海外の薬局も方向性は同じ‐共通する慢性疾患の増加

 ――海外ではワクチンの注射まで行えるなど、国内外の薬剤師が担う業務範囲の違いも注目された。

 薬剤師の権限は、各国の歴史や社会構造、制度など様々な要因が関係して形成されるため、海外で認められているから日本でも今すぐ実施できるというのは少し乱暴な話だと考えている。

 ただ、薬局薬剤師の役割は日本も海外も大きく変わらない。直ちに医師の診察を受けるほどではないグレーゾーンの相談に応じたり、病気を持ちながら生きる人を支えたりする役割は、世界中どこの薬局でも同じだ。

 日本では、自分たちの価値を低く見ている薬剤師が少なくない気がする。実際、薬剤師は幅広く社会に貢献する良い仕事をしている。自らの職業の価値を証明し、社会に向けて発信する薬剤師がもっと出てきてほしい。そうすれば次第に社会的な認知も進むことになる。

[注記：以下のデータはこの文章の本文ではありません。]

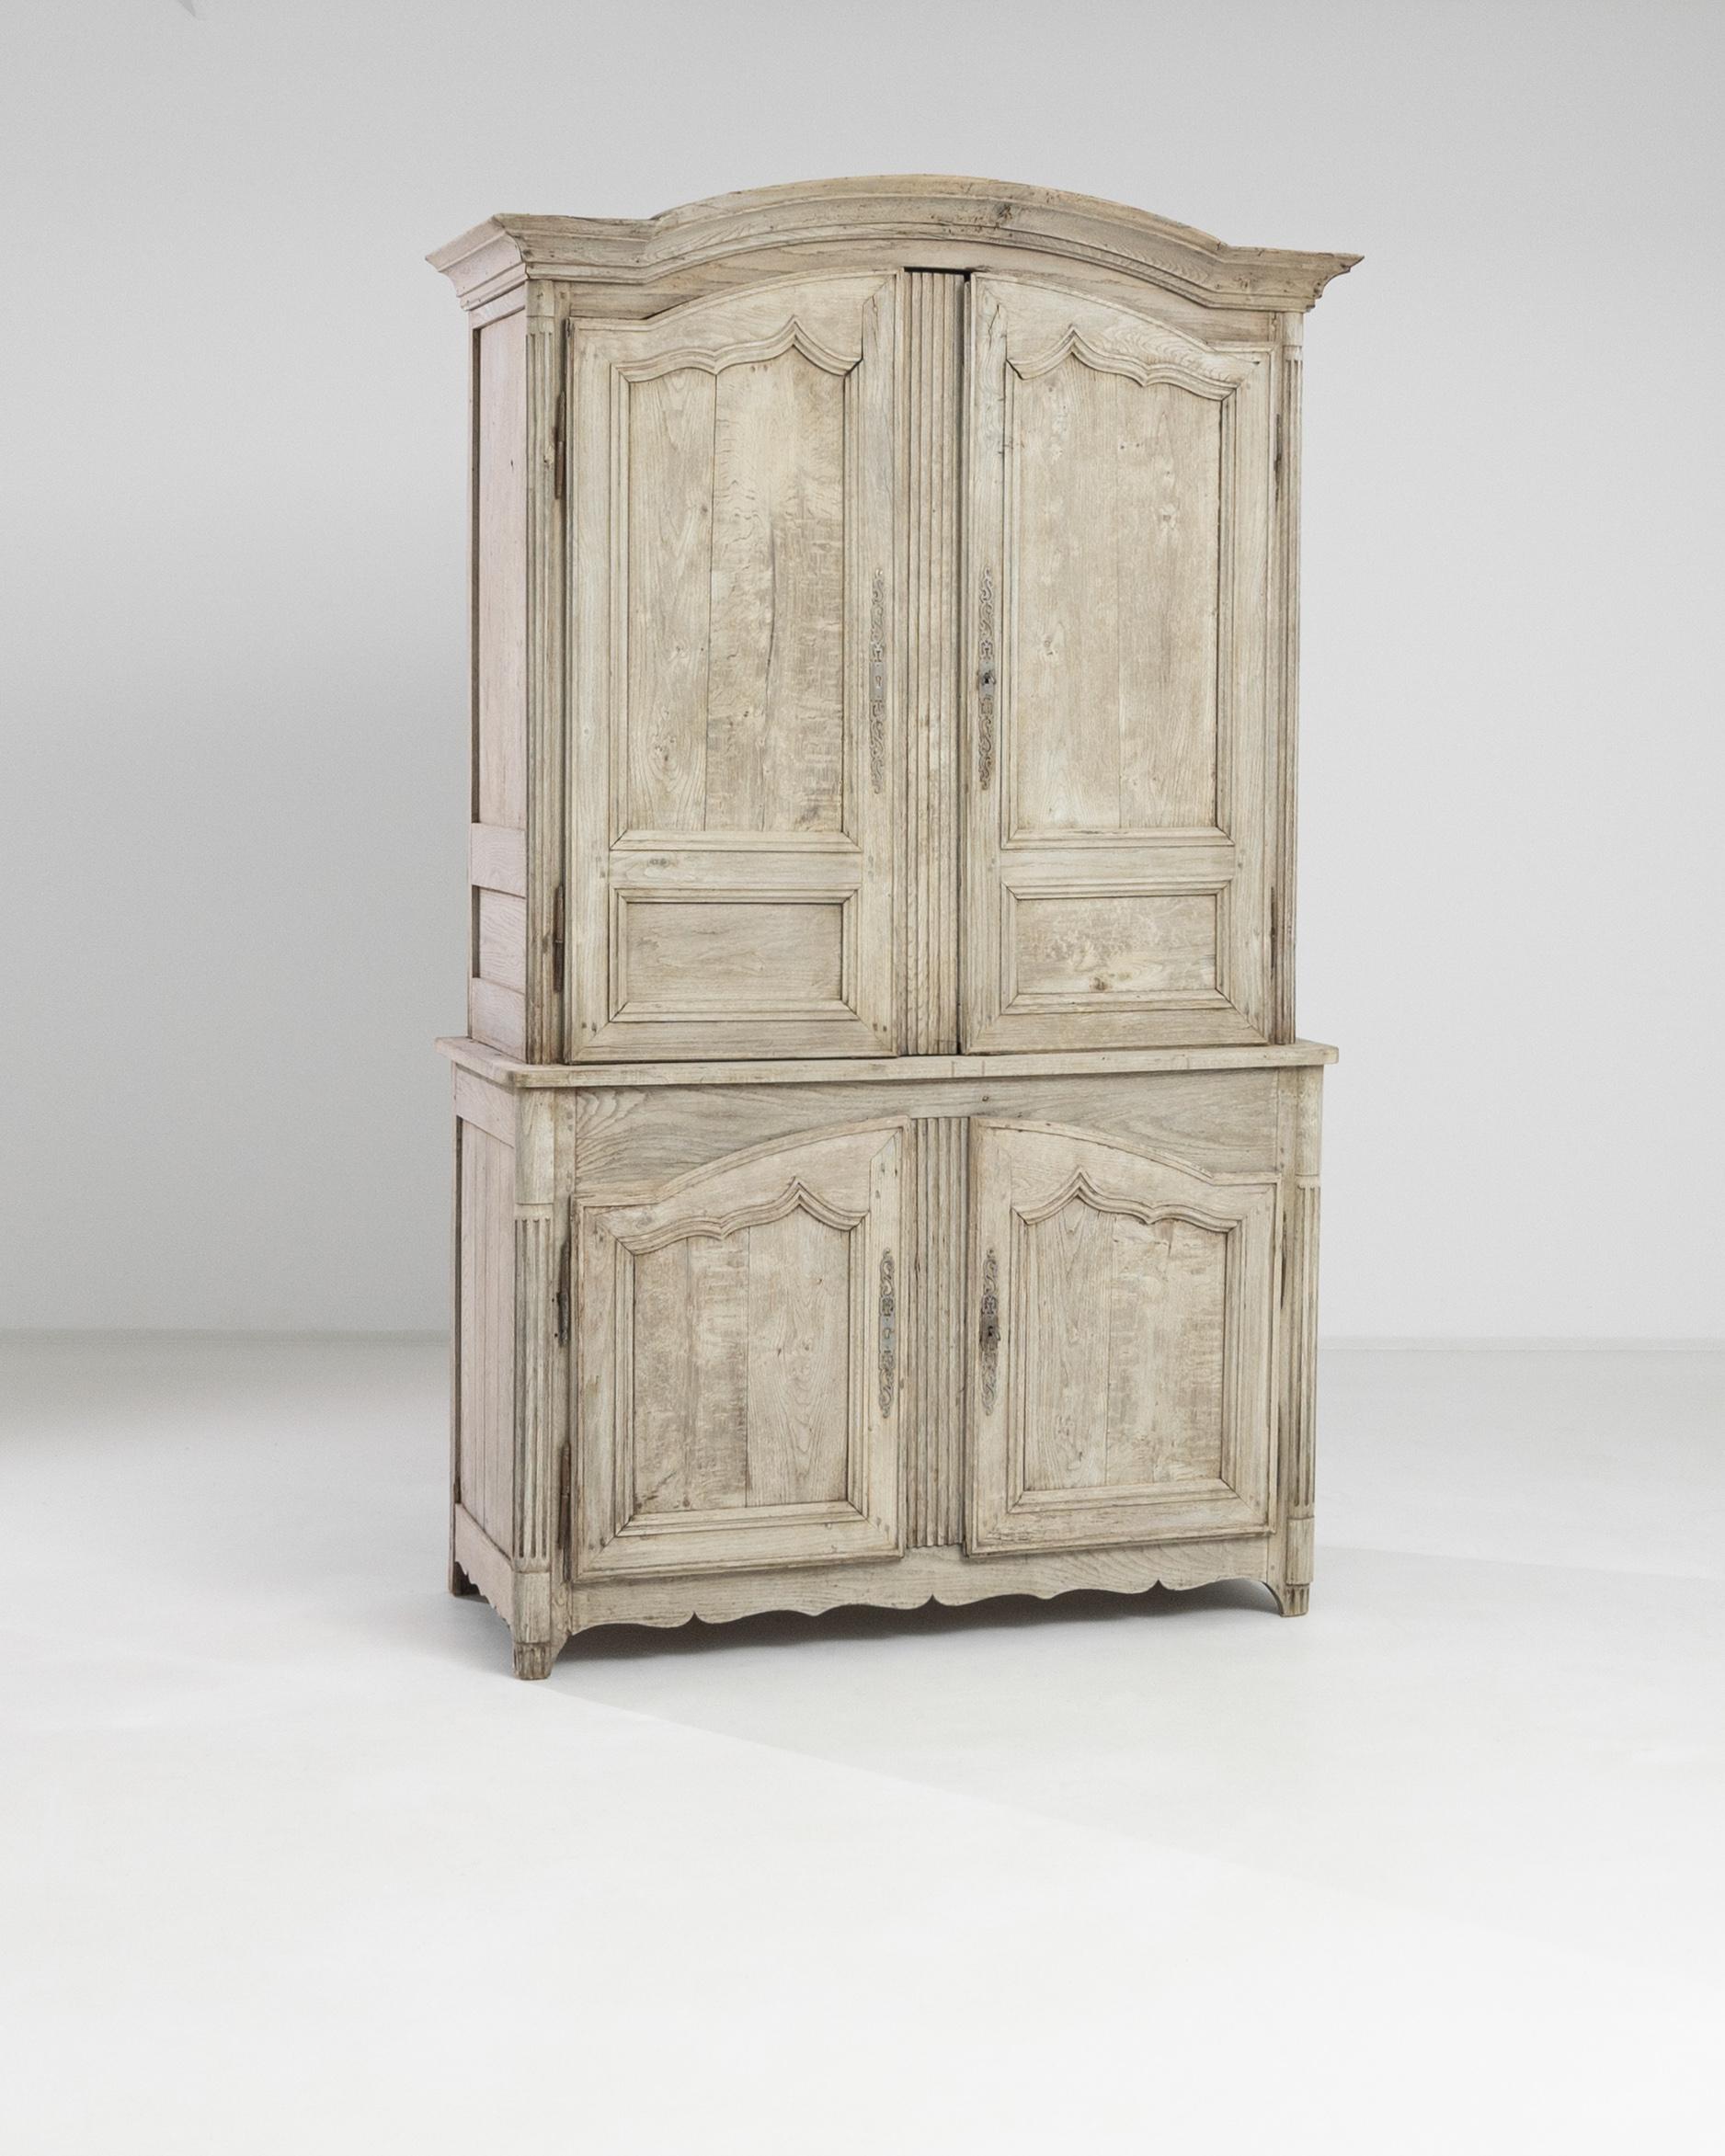 A 19th century wooden cabinet produced in France. Standing on fluted bracket feet, this large two-case cabinet displays a molded top, a scalloped apron and turned fluted edges. The exterior has been restored to a pale tone, highlighting the organic

 ――海外の薬局薬剤師はどのような方向性を目指しているのか。

 薬局薬剤師の経験をもとにCOMPASS研究を実施し、薬剤師の患者への声かけには糖尿病患者の血糖コントロールを改善する力があることを示したが、その研究を実施する直前、2010年頃の海外の状況を調べた。すると、イギリスでは薬局薬剤師が栄養指導や禁煙など公衆衛生上の課題に取り組んでおり、ほかにもカナダやオーストラリアで糖尿病や高血圧の患者を地域の薬局でいかに支えるかという研究が増えつつあった。

 近年は、例えば北米では、カナダのアルバータ州だけでなく、薬剤師の処方を認める州がアメリカで増えている。新型コロナウイルスの感染拡大もあって、薬局で予防接種や検査を実施する取り組みも世界で広がっている。地域の健康支援に薬局を幅広く役立てることは、日本に限らず世界的な動向だ。

 ――その背景にある要因は何か。

 大きな要因は、世界で共通する社会の高齢化と、それに伴う慢性疾患の増加だ。慢性疾患の患者が増えると治療期間が長くなる。そうすると医師が患者にこれまでと同じように時間を割くのは難しくなる。日本では主に医師のコストを引き下げることで制度を保とうとしているが、海外ではタスクシフトによる仕事の切り分けが進んでいる。そこで、ナースプラクティショナーを設けたり、薬剤師の処方を認めたりしているのだと思う。

 ――薬剤師の活躍に向けて今後、日本でどう進めるのが現実的なのか。

 医師との関係で言えば、病に苦しむ患者を助けるという目的を同じにする医師と薬剤師が診療報酬のパイを奪い合うようなことに問題を矮小化すべきではない。医師の収入を削るような制度改革は禍根を残し上手く行かないだろう。幸いにも今の30代以下の医師には、研修先の病院等で助け合う仲間として薬剤師と関わった経験があり、薬剤師の仕事に理解がある。将来的な医師との関係には希望を持っている。ただ、薬剤師側に独立した専門職として受けて立つ覚悟も必要になるだろう。